Work to be completed –
Restate each line below word for word, skipping every picture.

Dataset excerpt –

· · ·

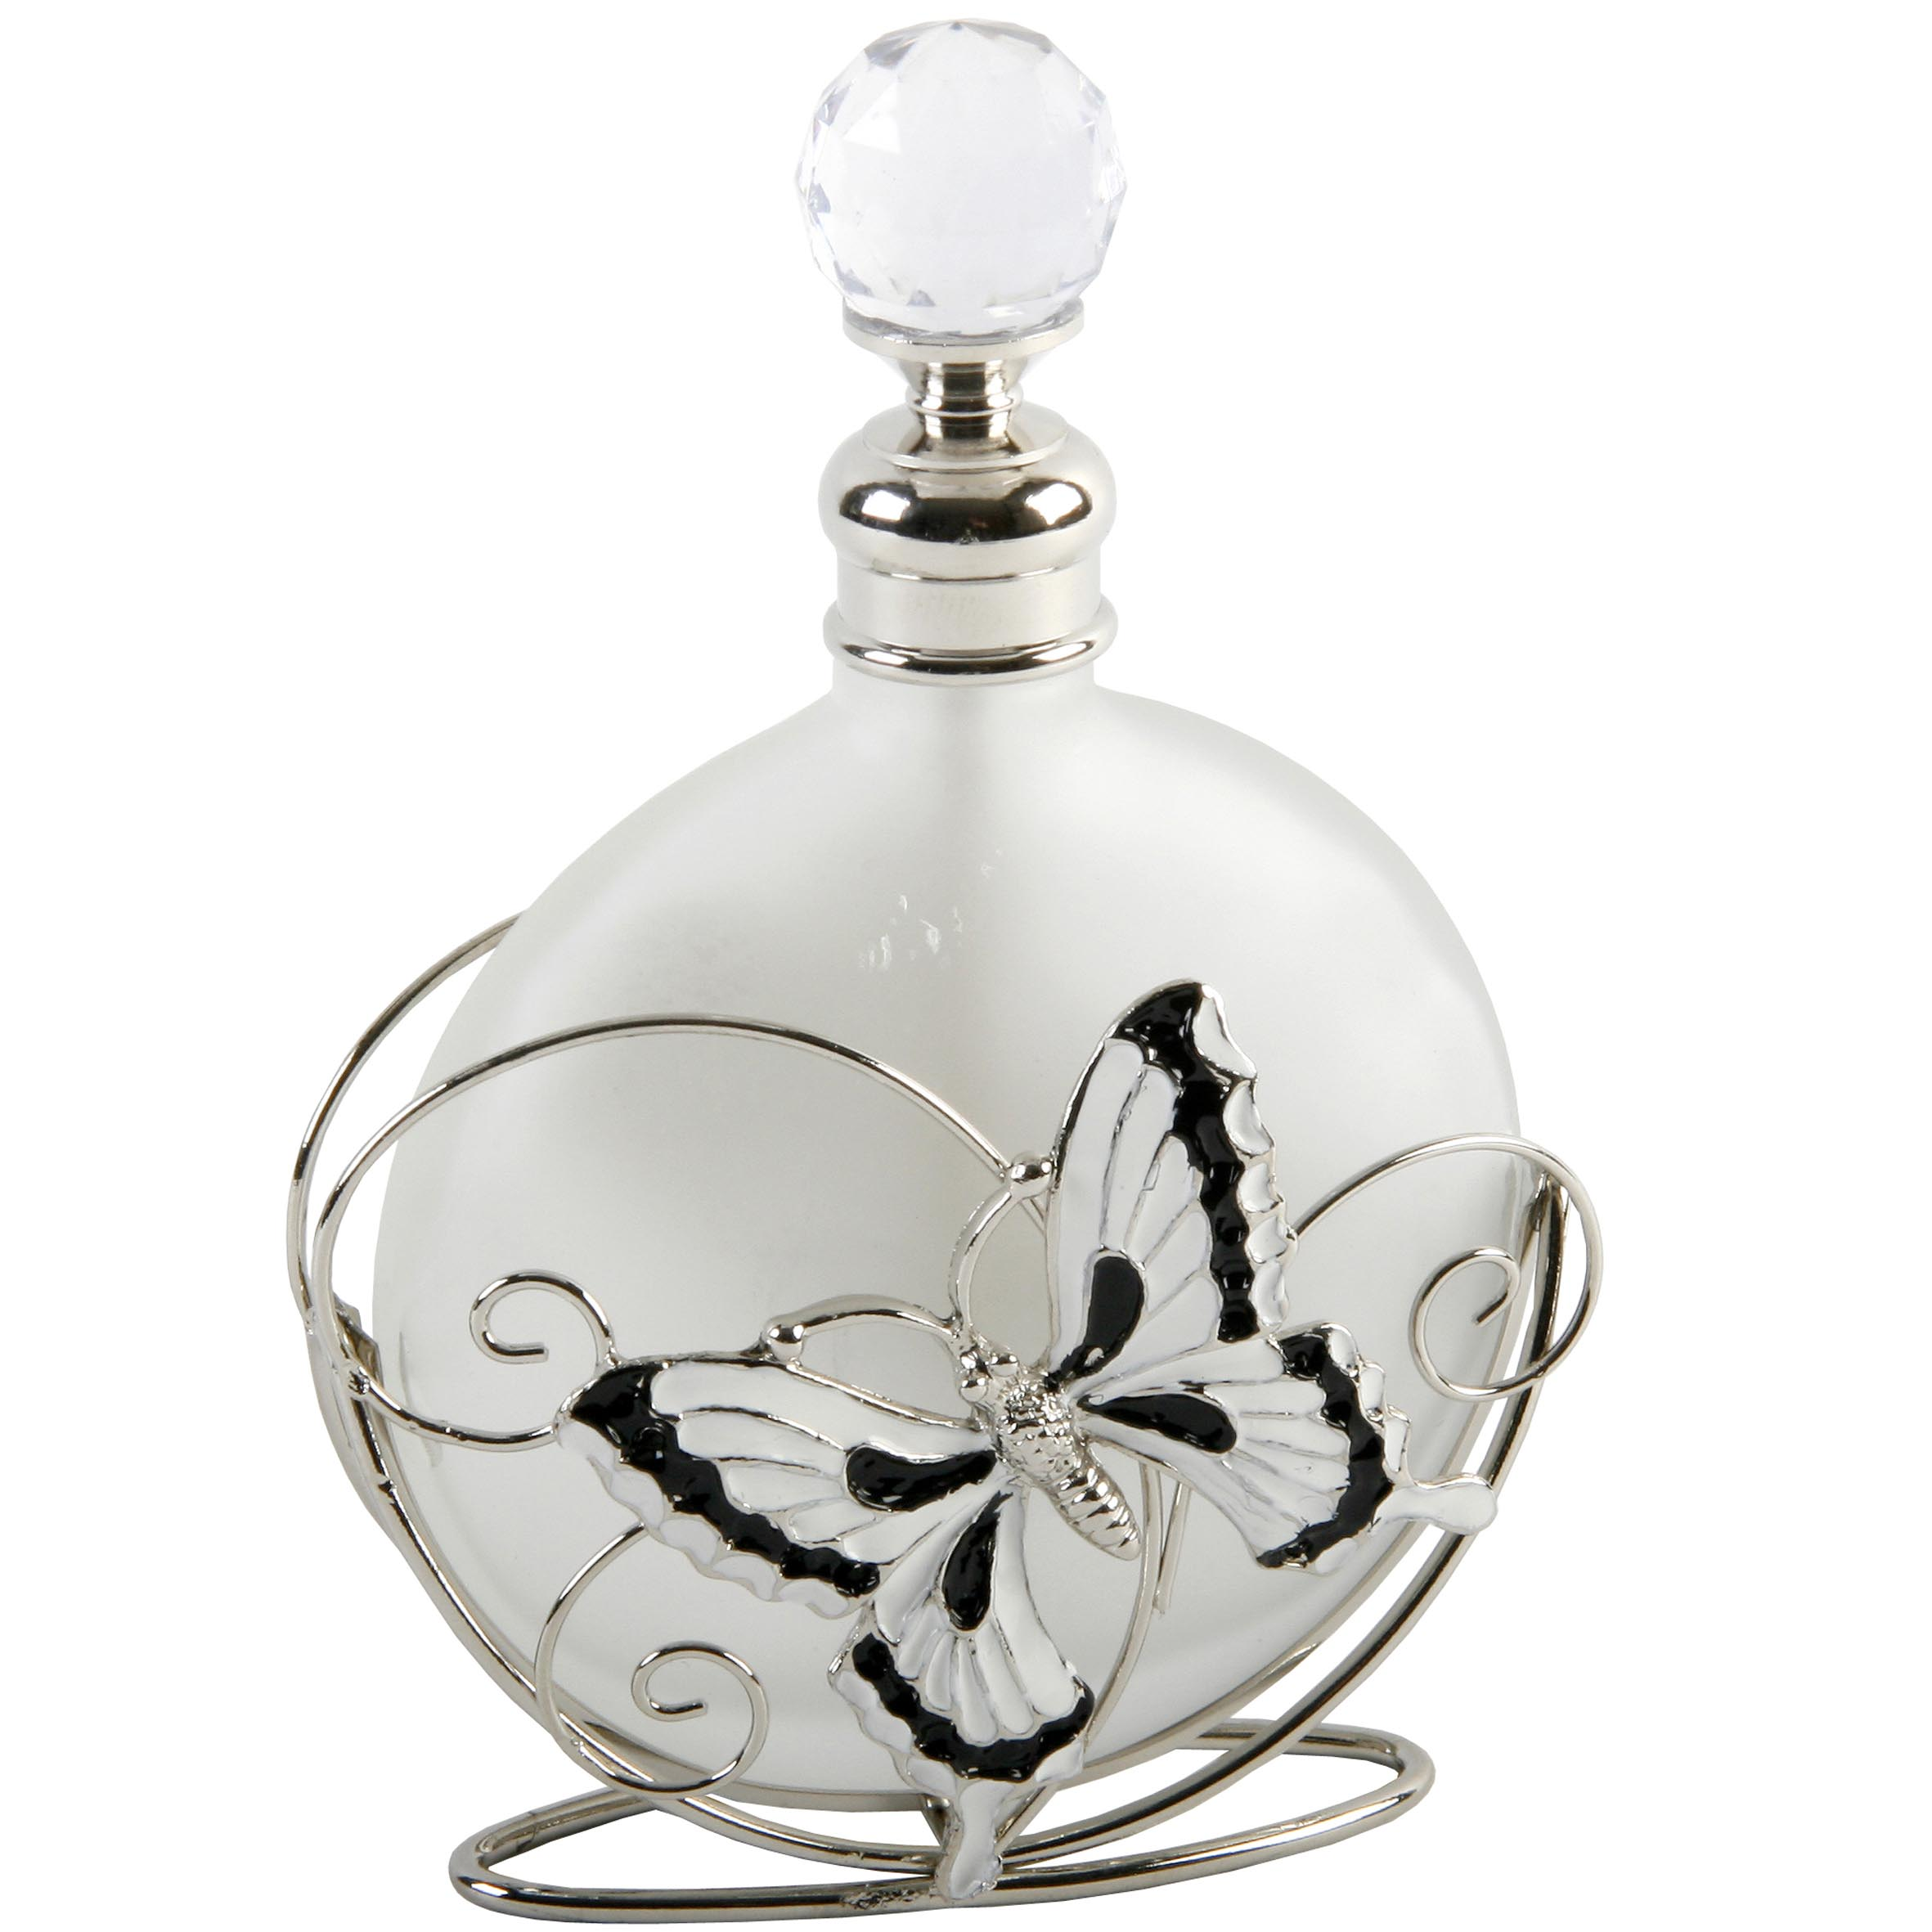 Bottle of perfume photo
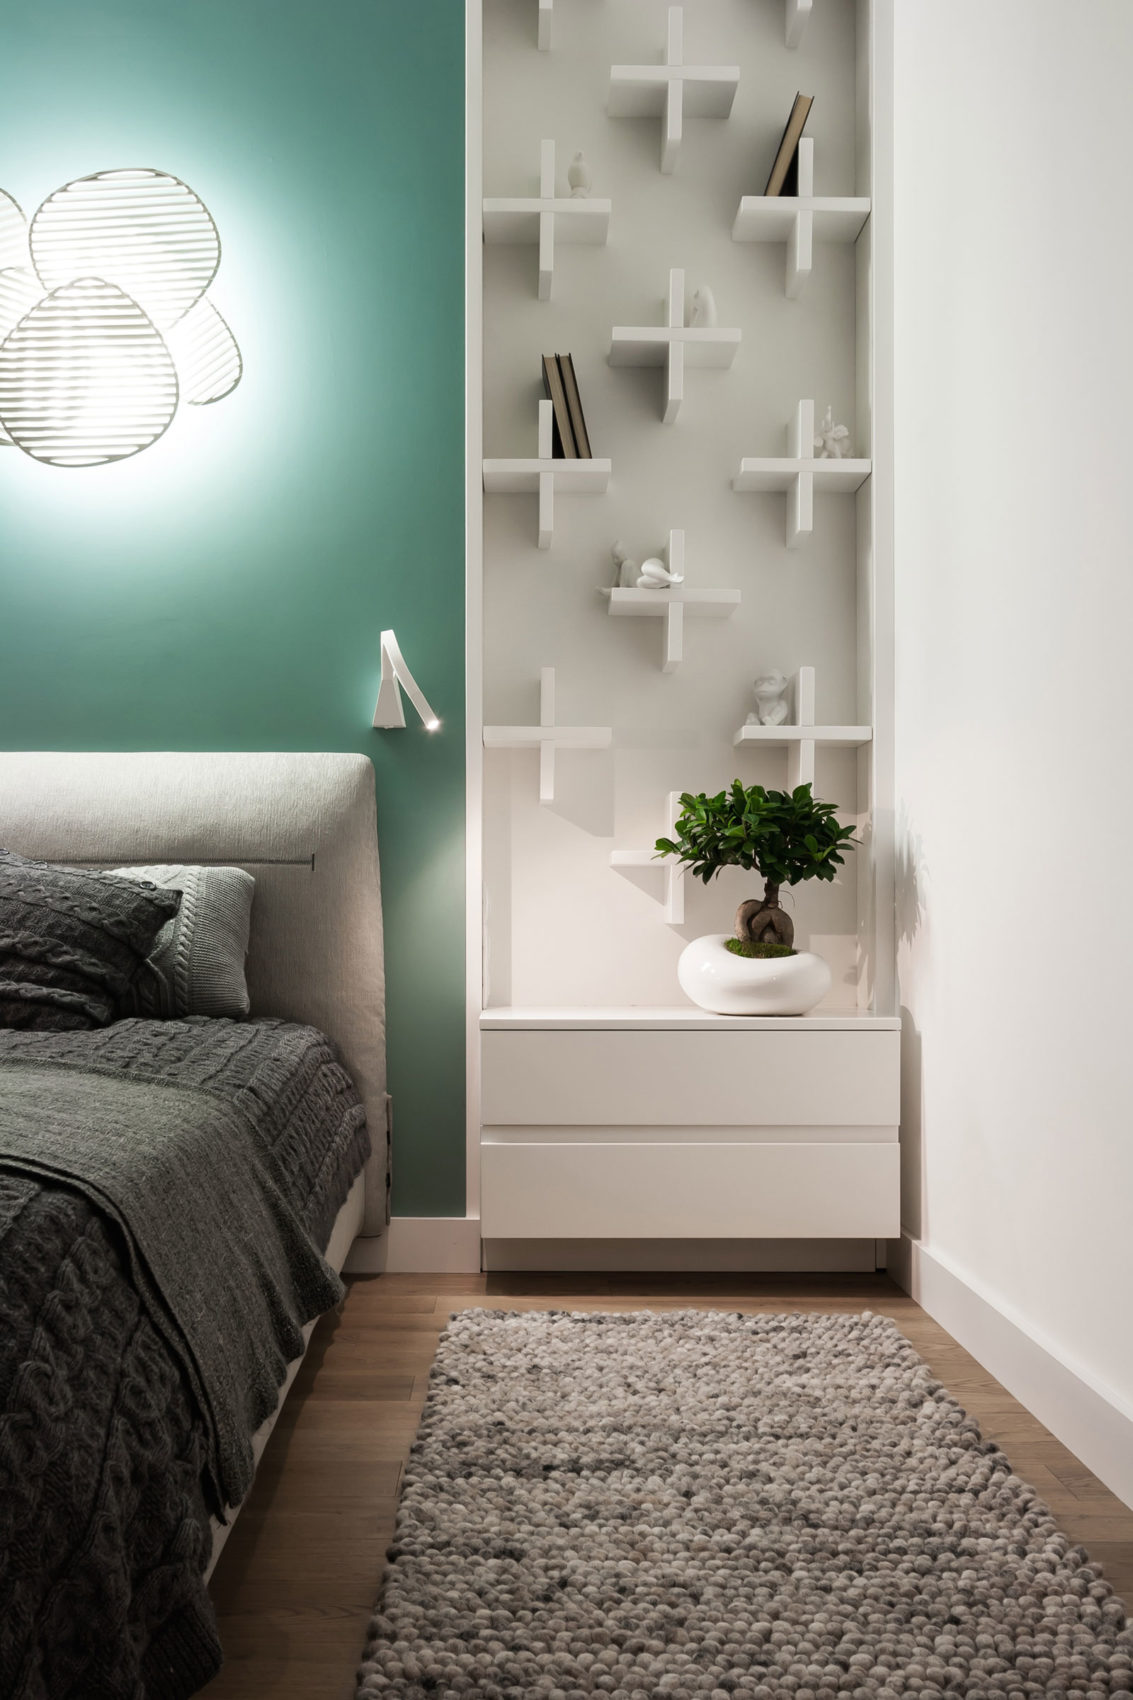 Apartment in Ukraine by SVOYA Studio (17)
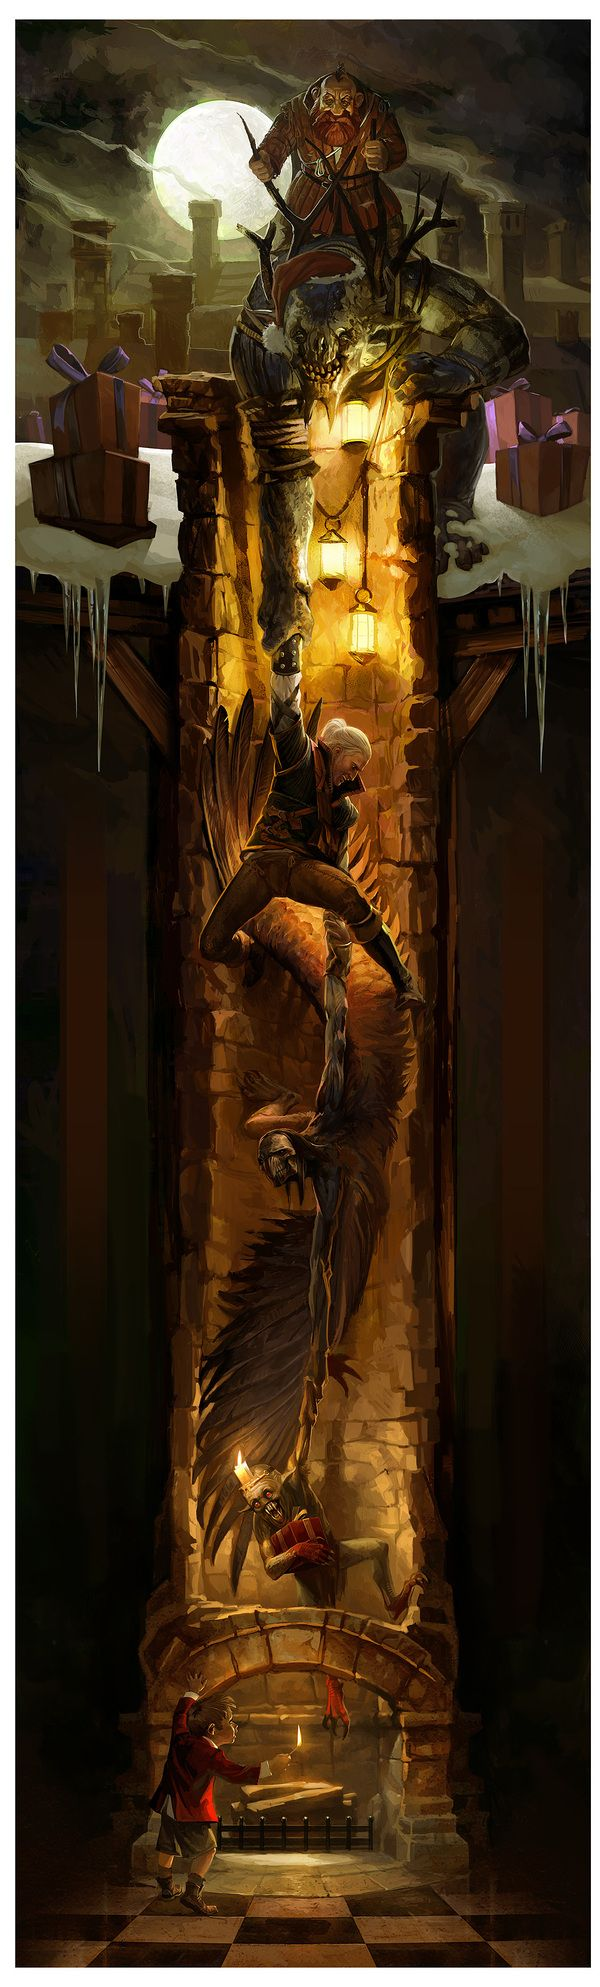 The Witcher Christmas Card 2011 by Bartek Gawel, via Behance

· · ·

Response –
 Bottle of perfume photo
 Apartment in Ukraine by SVOYA Studio (17)
 The Witcher Christmas Card 2011 by Bartek Gawel, via Behance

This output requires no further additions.